Executive Industry Consultant/Trusted Advisor, SAS Retail/CPG Global Practice

Charles Chase is the executive industry consultant and trusted advisor for the SAS Retail/CPG global practice. He is the author of Next Generation Demand Management: People, Process, Analytics and Technology, author of Demand-Driven Forecasting: A Structured Approach to Forecasting, and co-author of Bricks Matter: The Role of Supply Chains in Building Market-Driven Differentiation, as well as over 50 articles in several business journals on demand forecasting and planning, supply chain management, and market response modeling. His latest book is Consumption-Based Forecasting and Planning: Predicting Changing Demand Patterns in the New Digital Economy. To learn more, please see his Author page.

12 Comments

  1. This is an interesting article which does much to clarify what modern machine learning algorithms aim to achieve in relation to demand forecasting. There are two things which were running through my mind while reading it:

    One is that looking for patterns in a large amount of data, particularly if several types of data are involved, can, in some cases, result in patterns being found which are purely the result of coincidence. These can be weeded out with appropriate statistical testing. However, if a lot of patterns are found then a very high level of statistical significance is required in order to determine which of the patterns are unlikely to be the result of coincidence. Also, the appropriateness of the assumed statistical distributions can be very important.

    The other point is that machine learning of demand patterns in relation to slow moving items tends to be highly ineffective unless the demand pattern for the item concerned is looked at in relation to similar items or other relevant data. Even retailers tend to stock a lot of slow moving items. For instance, if they stock clothing, they might sell large quantities of, say, padded jackets. However, they probably sell very few of size XXXXL of a particular style and colour. Consequently, when looking for demand patterns, it is likely to be useful to group all styles, colours and sizes together and look for demand patterns for the whole group as well as for individual SKUs. The data in relation to the group can be much more useful that the data in relation to any particular slow moving item. Human involvement in such grouping is likely to be necessary. I chose to talk about clothing because I think it illustrates my point well. I have no experience in relation to inventory management of clothing. The point which I am making in relation to grouping items appears to be alluded to in parts of the article.

    I would be interested in any comments in relation to what I have said.

    • Charlie Chase

      Hi Don,

      Thank you for the comment.

      I don’t have a lot of experience using machine learning [ML] in the apparel industry. All my experience is in the consumer packaged goods (CPG) industry.
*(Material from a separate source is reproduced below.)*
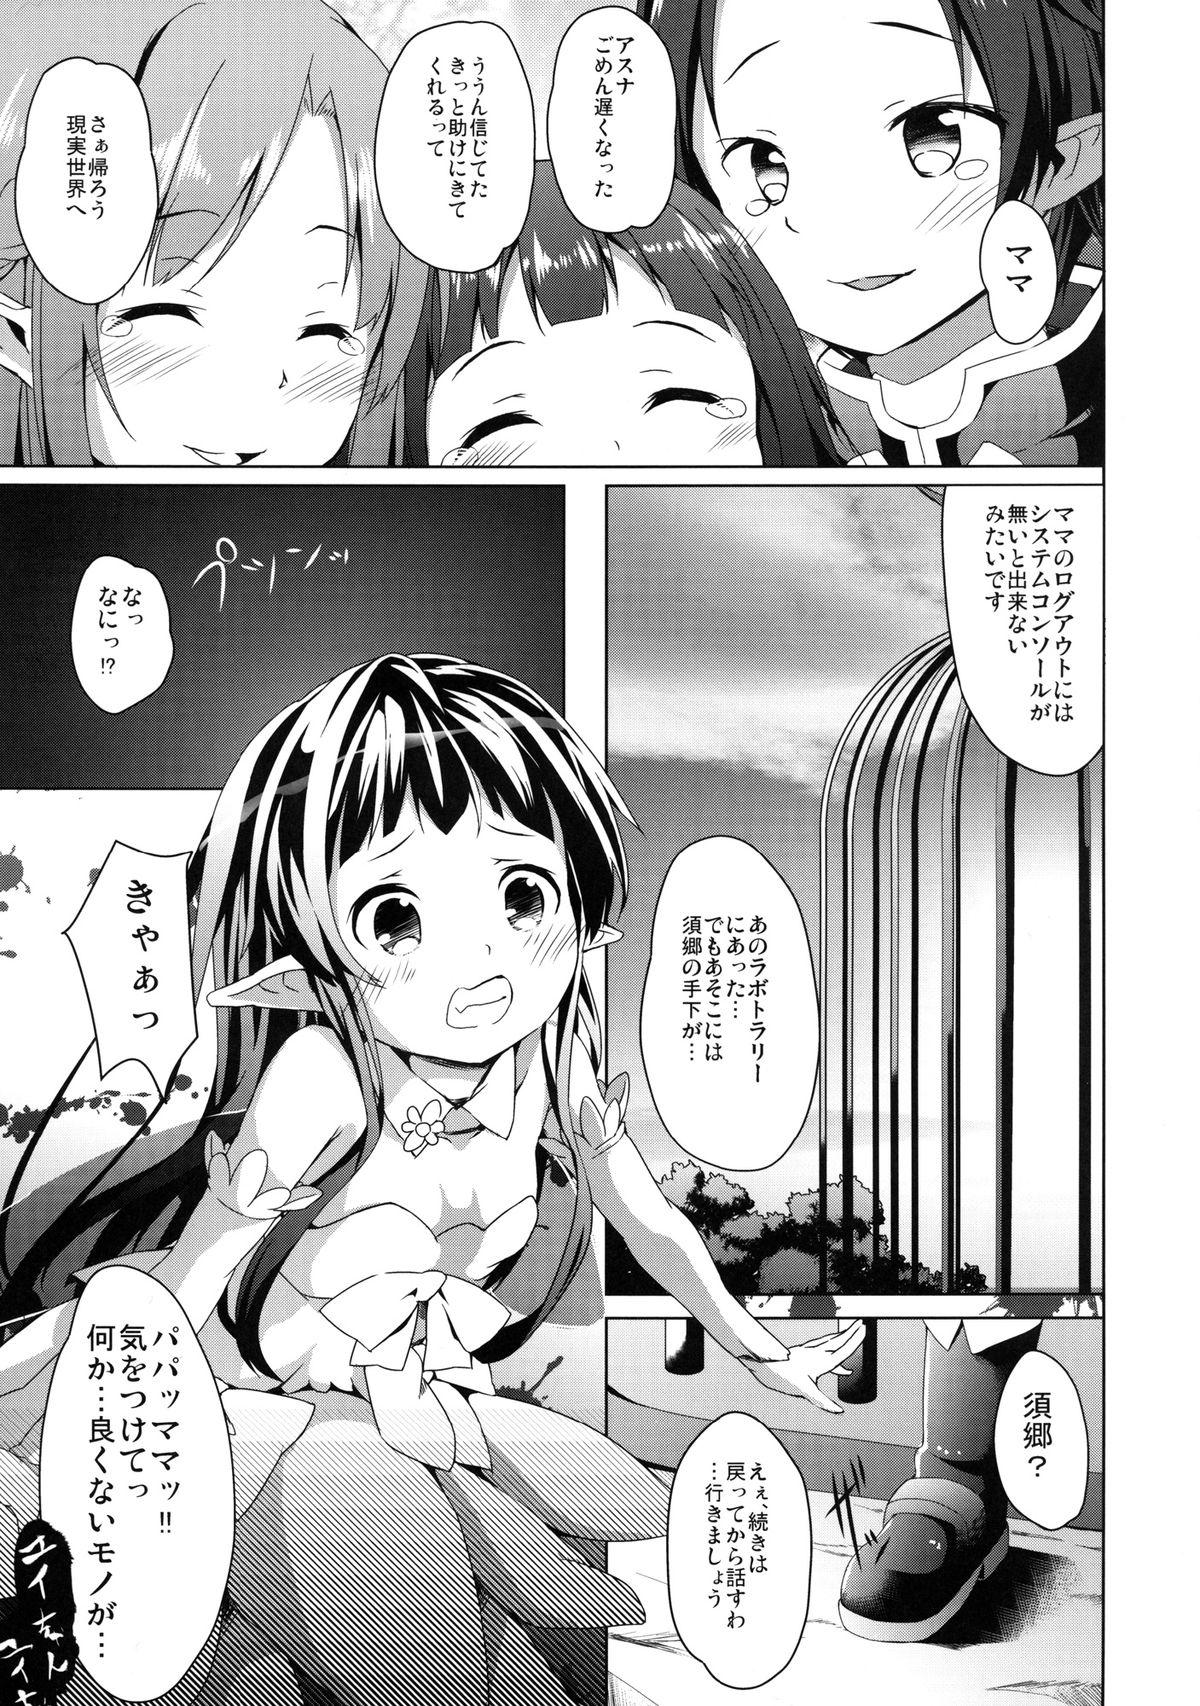 Soloboy Yui-chan BOKOO! - Sword art online Amature - Page 3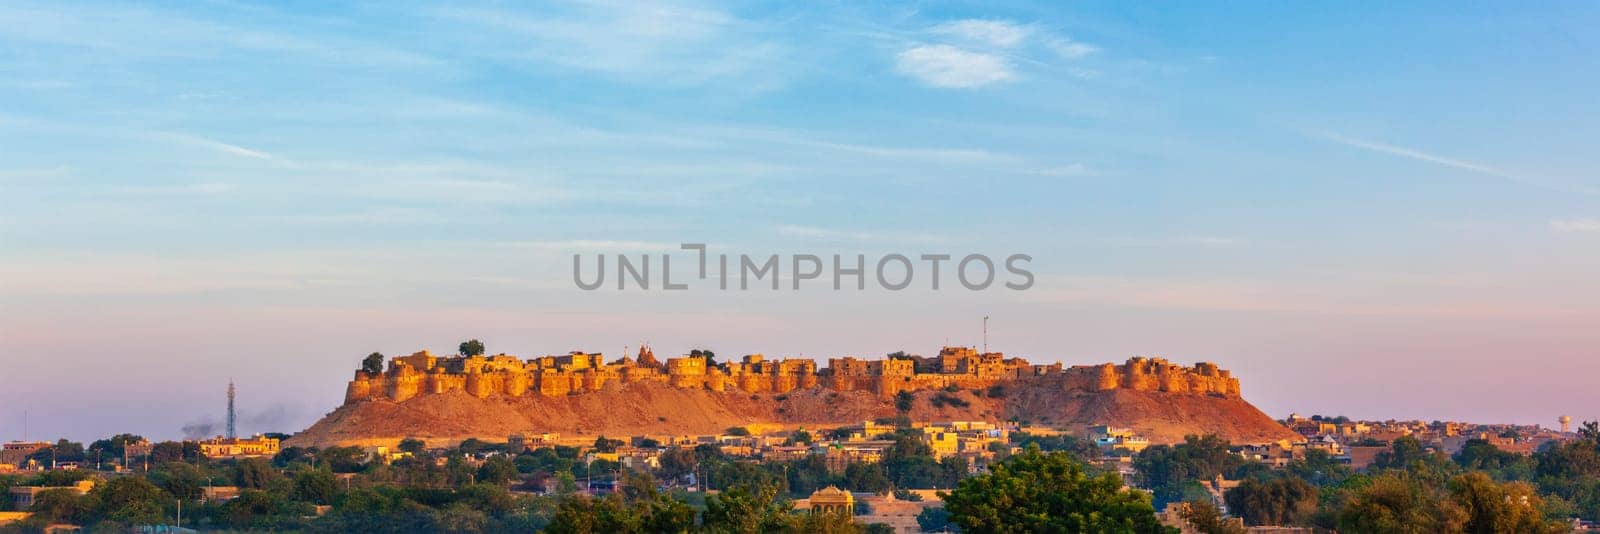 Panorama of Jaisalmer Fort known as the Golden Fort Sonar quila, by dimol

Also, I’ve mainly used ML for forecasting demand. I do know in the retail apparel industry the data is much larger than data for say soft drinks and food products. That said, we found some coincident patterns using neural networks when I worked in the soft drinks industry that didn’t make sense based on our domain knowledge and experience. Occasionally, using traditional multiple linear regression models we found coincident patterns as well, but most were related to poor data, or errors in the data. For example, we found a correlation with 2 litter bottles of a soft drinks and end cap displays. We knew this was either a coincidence, or an error in data because we never promoted 2-liter bottles on an end cap display. We investigated the situation and found that someone made an error when auditing the store. Apparently, a consumer decided not to buy the 2-liter bottle and placed it on a sold-out end cap display. When the auditor saw it, they thought we ran a 2-liter bottle end cap display. What we found is when applying any statistical models, it not only requires a strong background in statistics, but also having domain knowledge and experience, which is just as important.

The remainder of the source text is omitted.